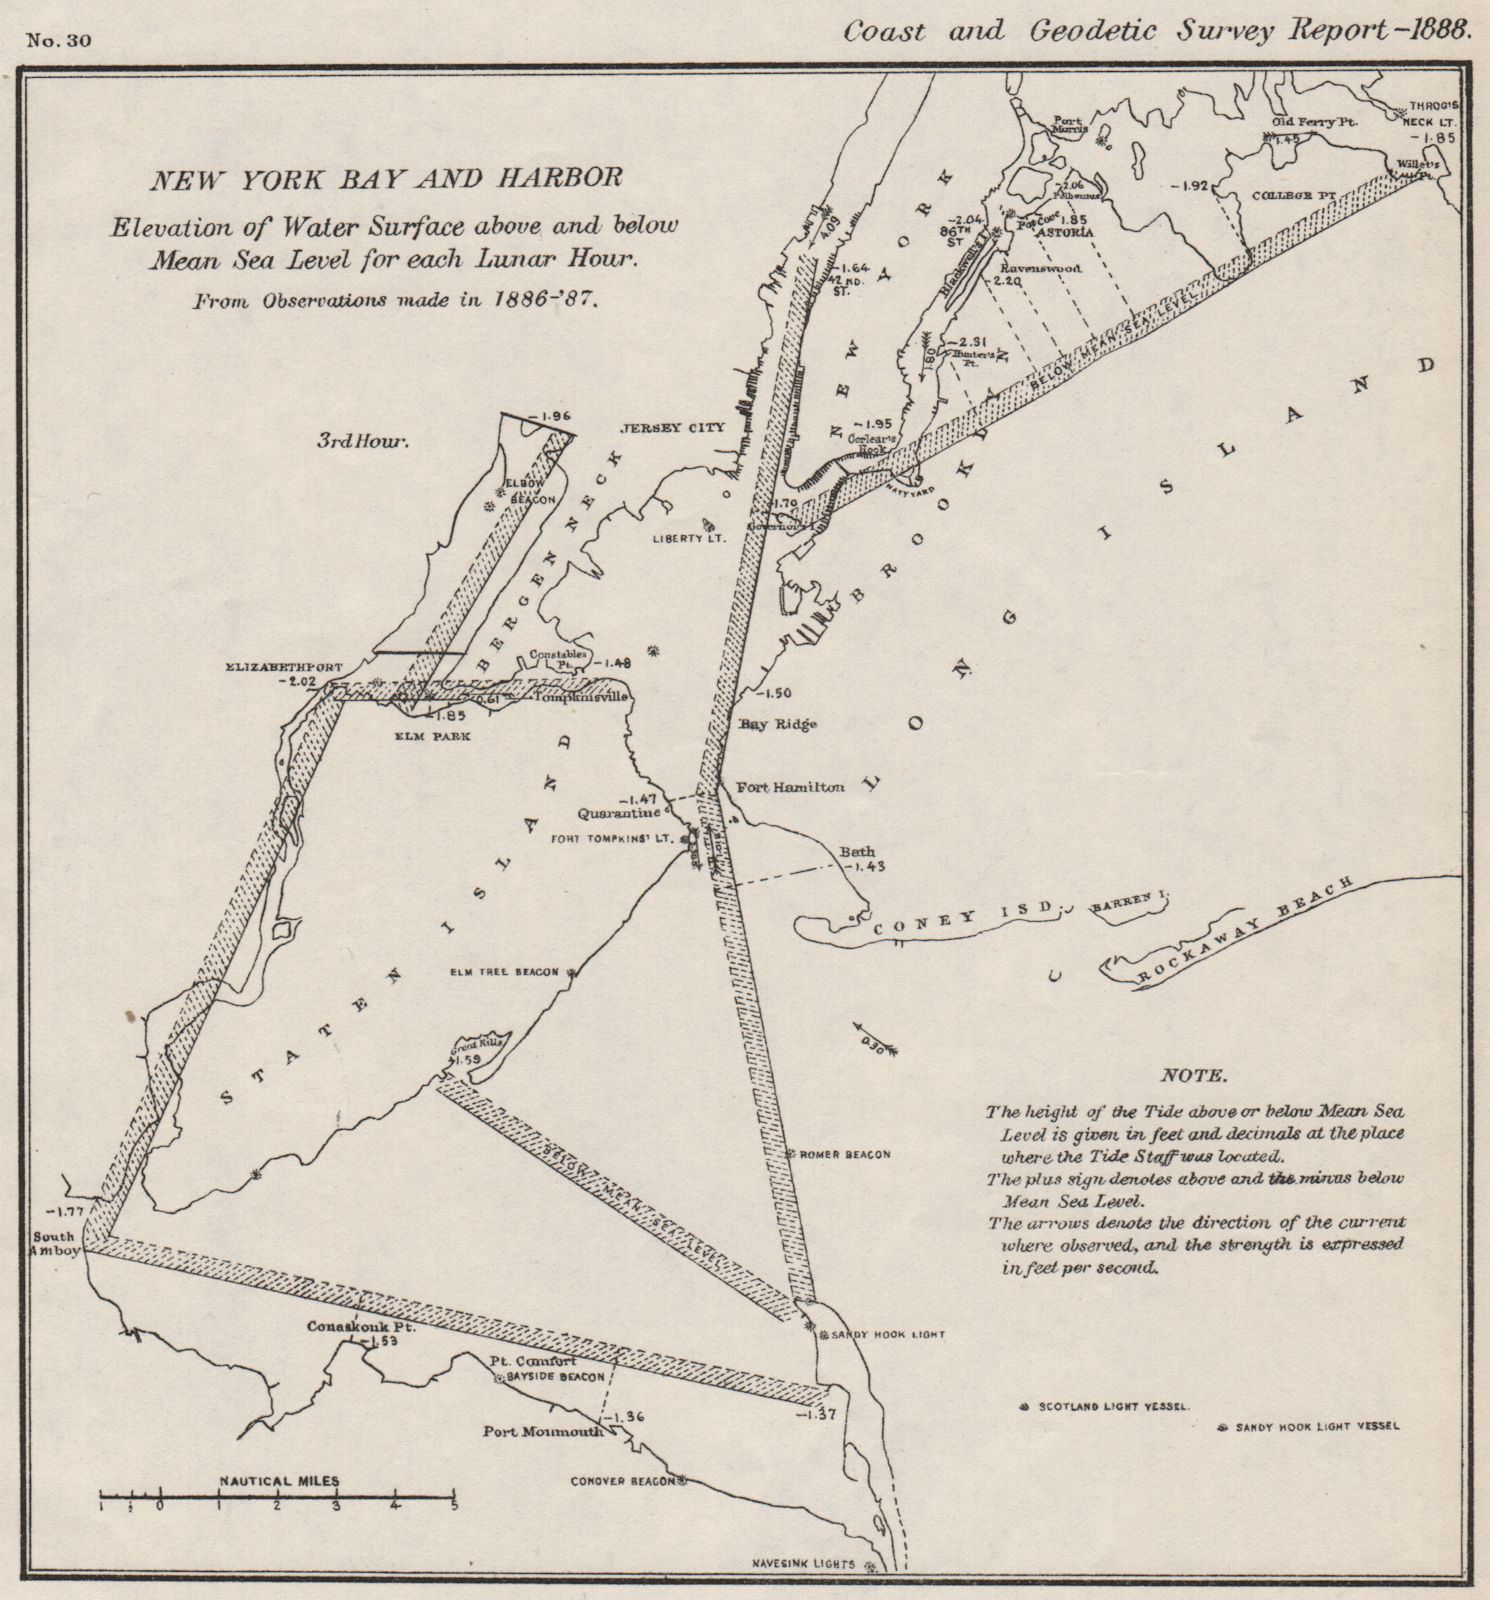 Associate Product NEW YORK BAY/HARBOR. Water level v mean sea level 3rd Lunar Hour. USCGS 1889 map
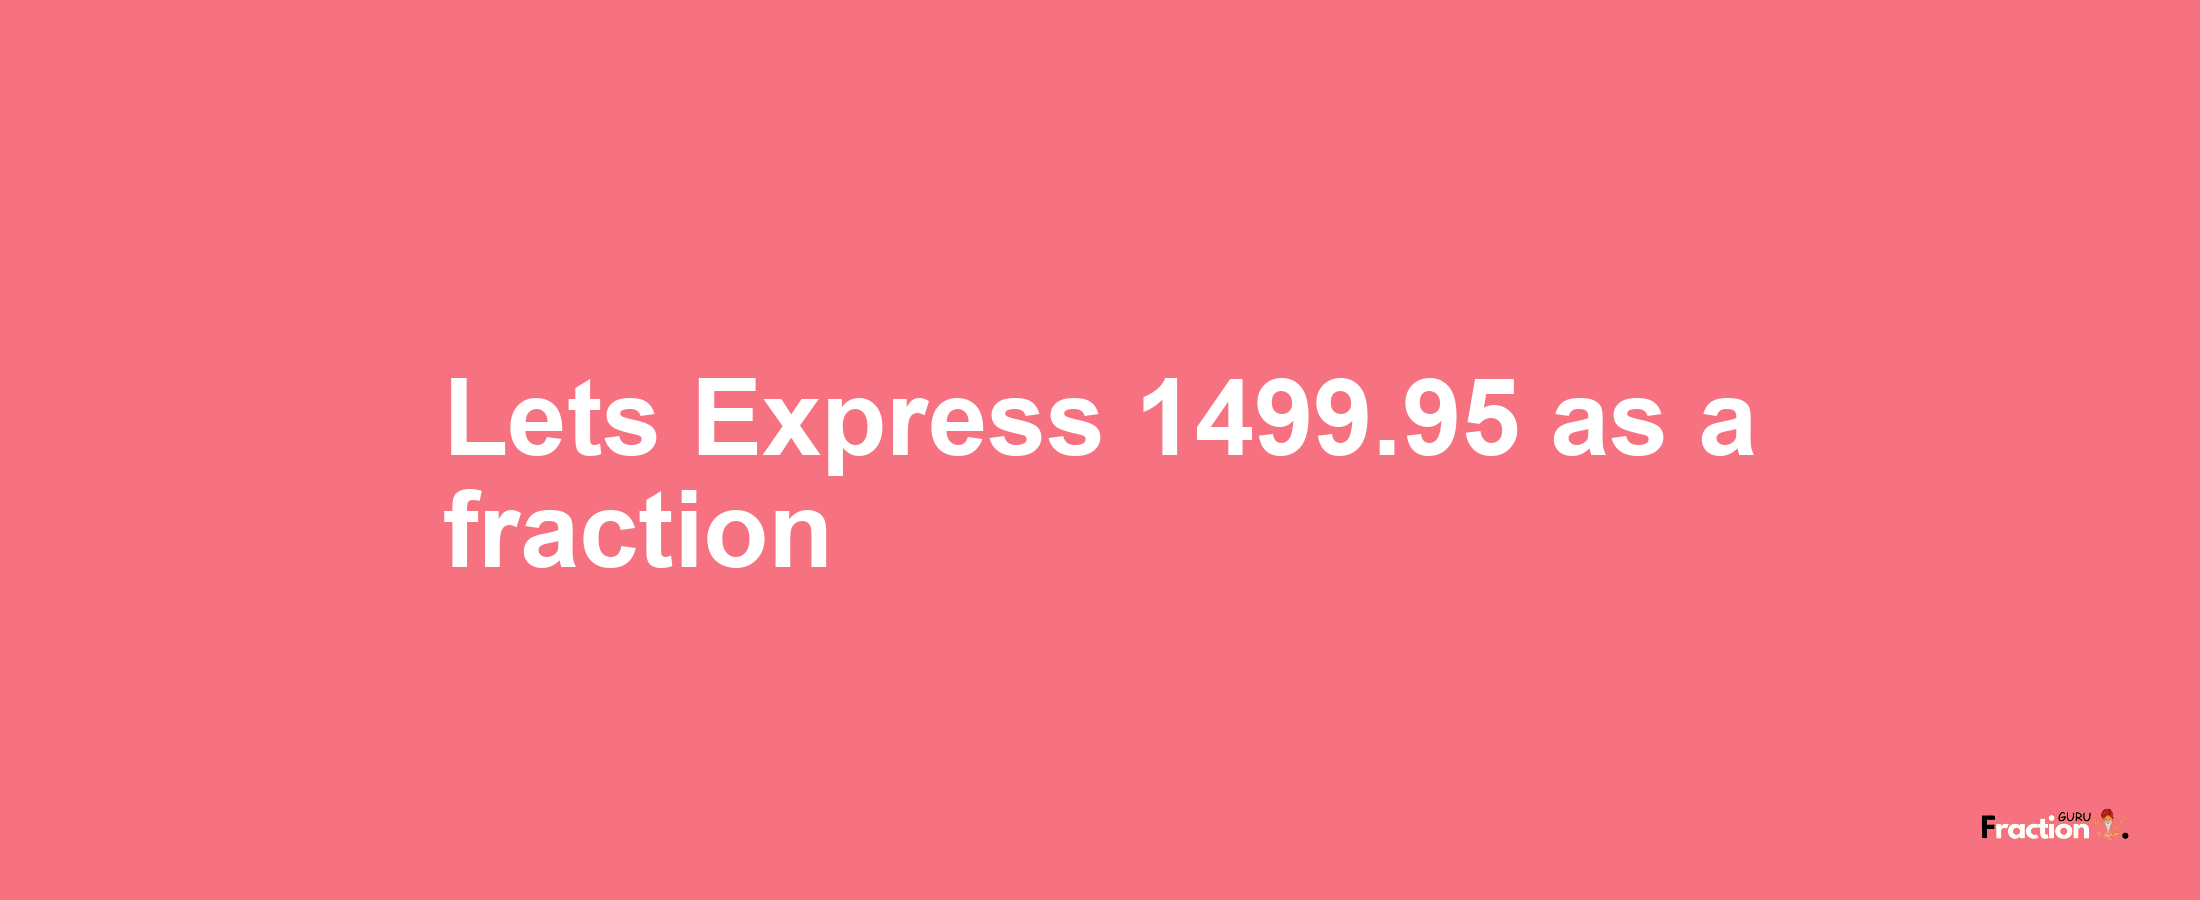 Lets Express 1499.95 as afraction
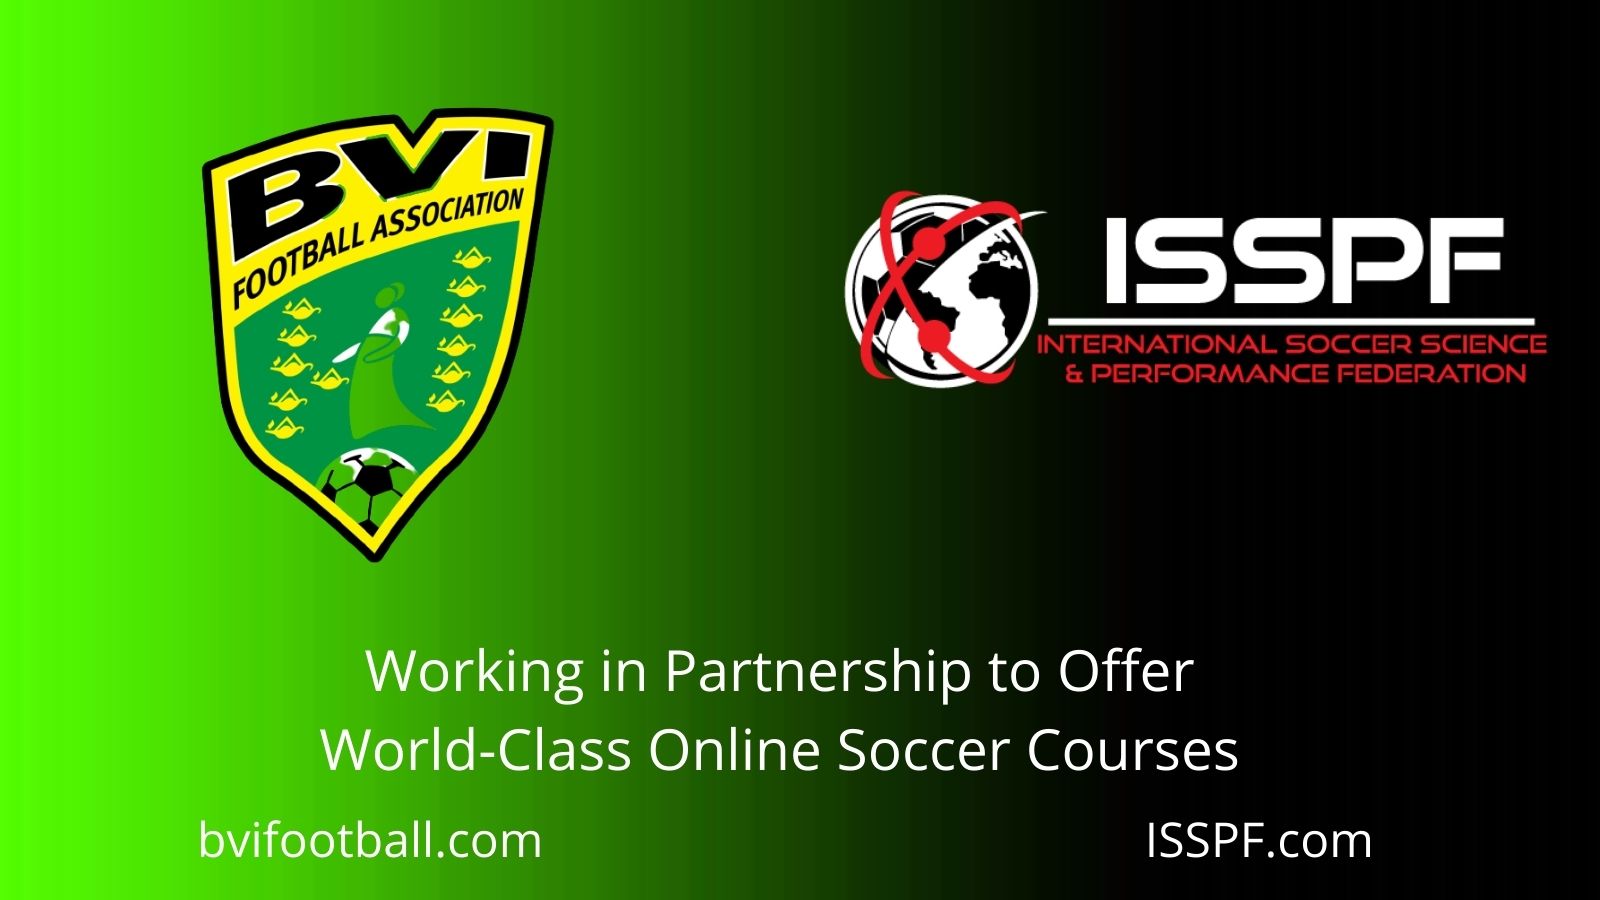 BVI football association signs partnership with international soccer science and performance federation to provide online training for bvi soccer professionals
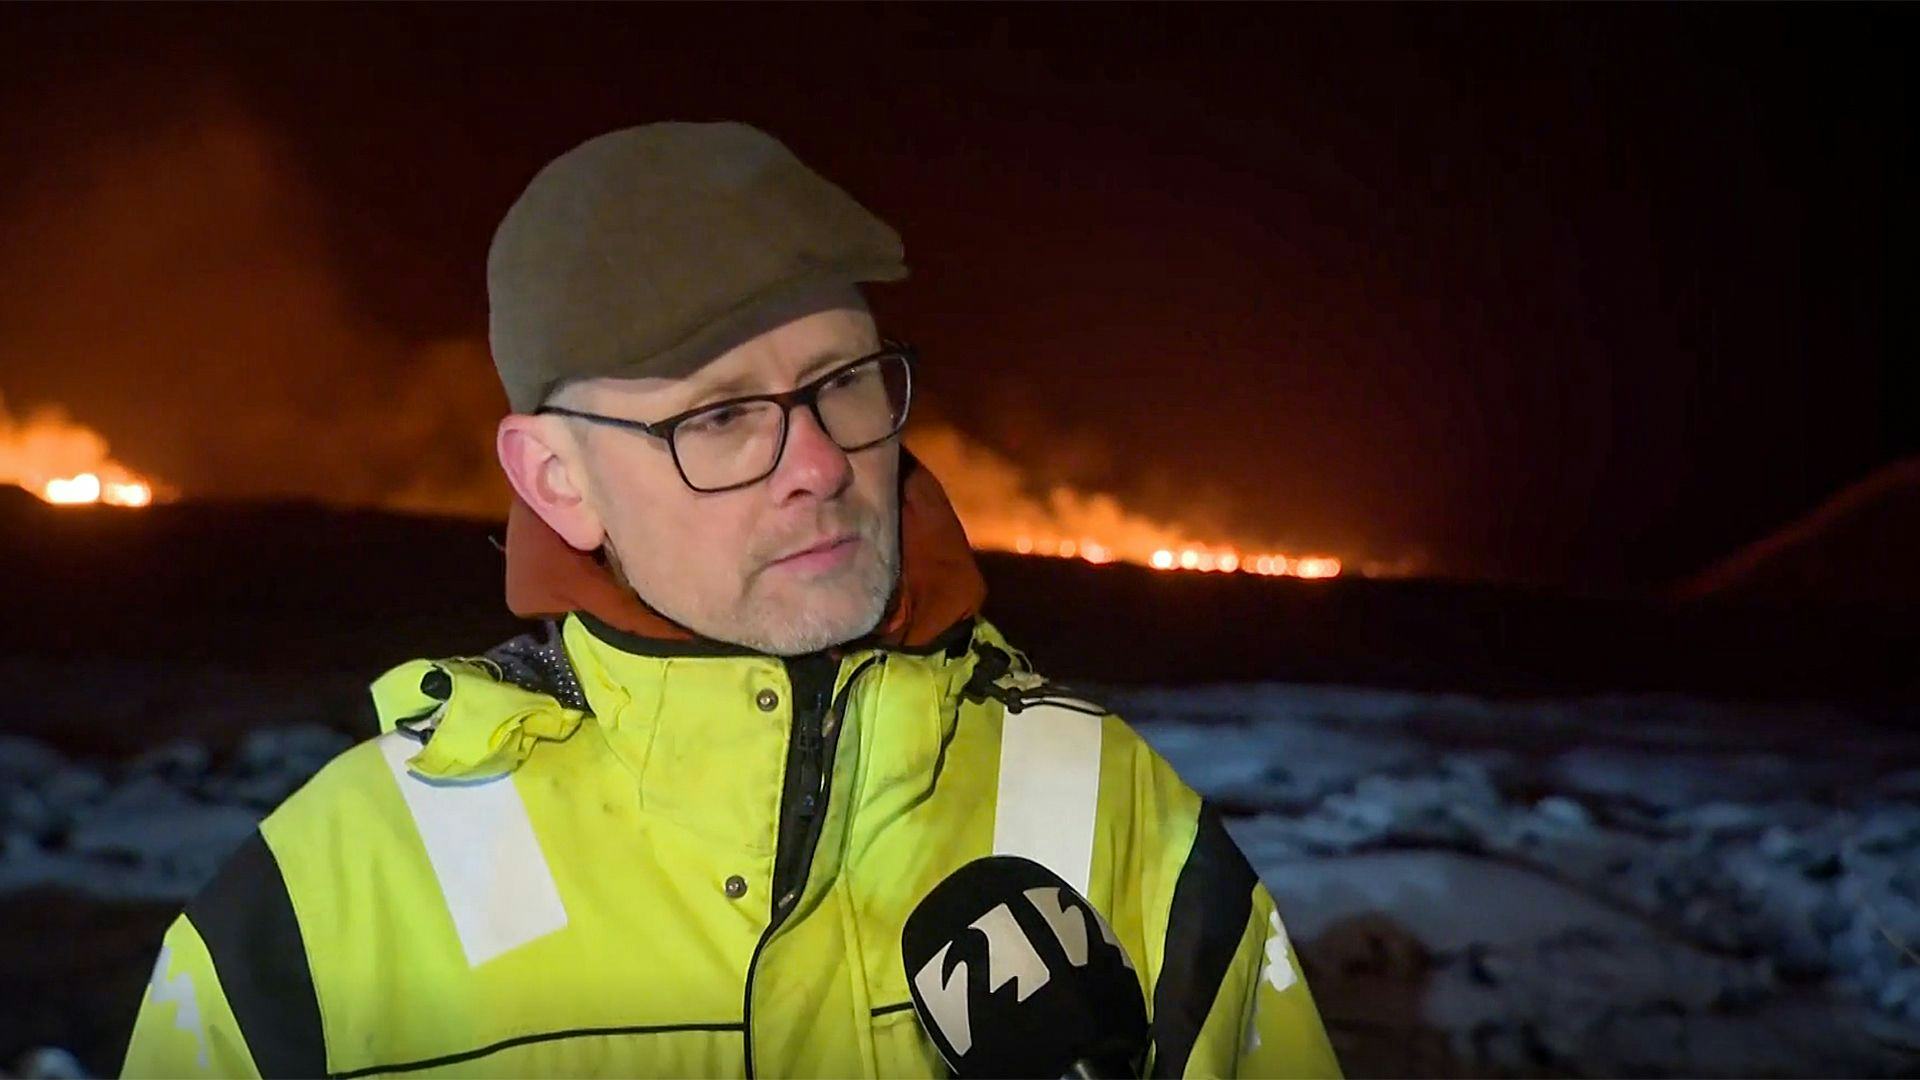 A man in high visibility jacket in the foreground with a dramatic background of what appears to be a fire or blaze in the night

========================

** PROBLEM REQUIREMENTS **
Repeat verbatim the lines from the one holding "Lets Express 1499.95 as afraction" through the end of the listing above, both ends included, but not the pictures.

** TASK RESULT **
 Lets Express 1499.95 as afraction
 BVI football association signs partnership with international soccer science and performance federation to provide online training for bvi soccer professionals
 A man in high visibility jacket in the foreground with a dramatic background of what appears to be a fire or blaze in the night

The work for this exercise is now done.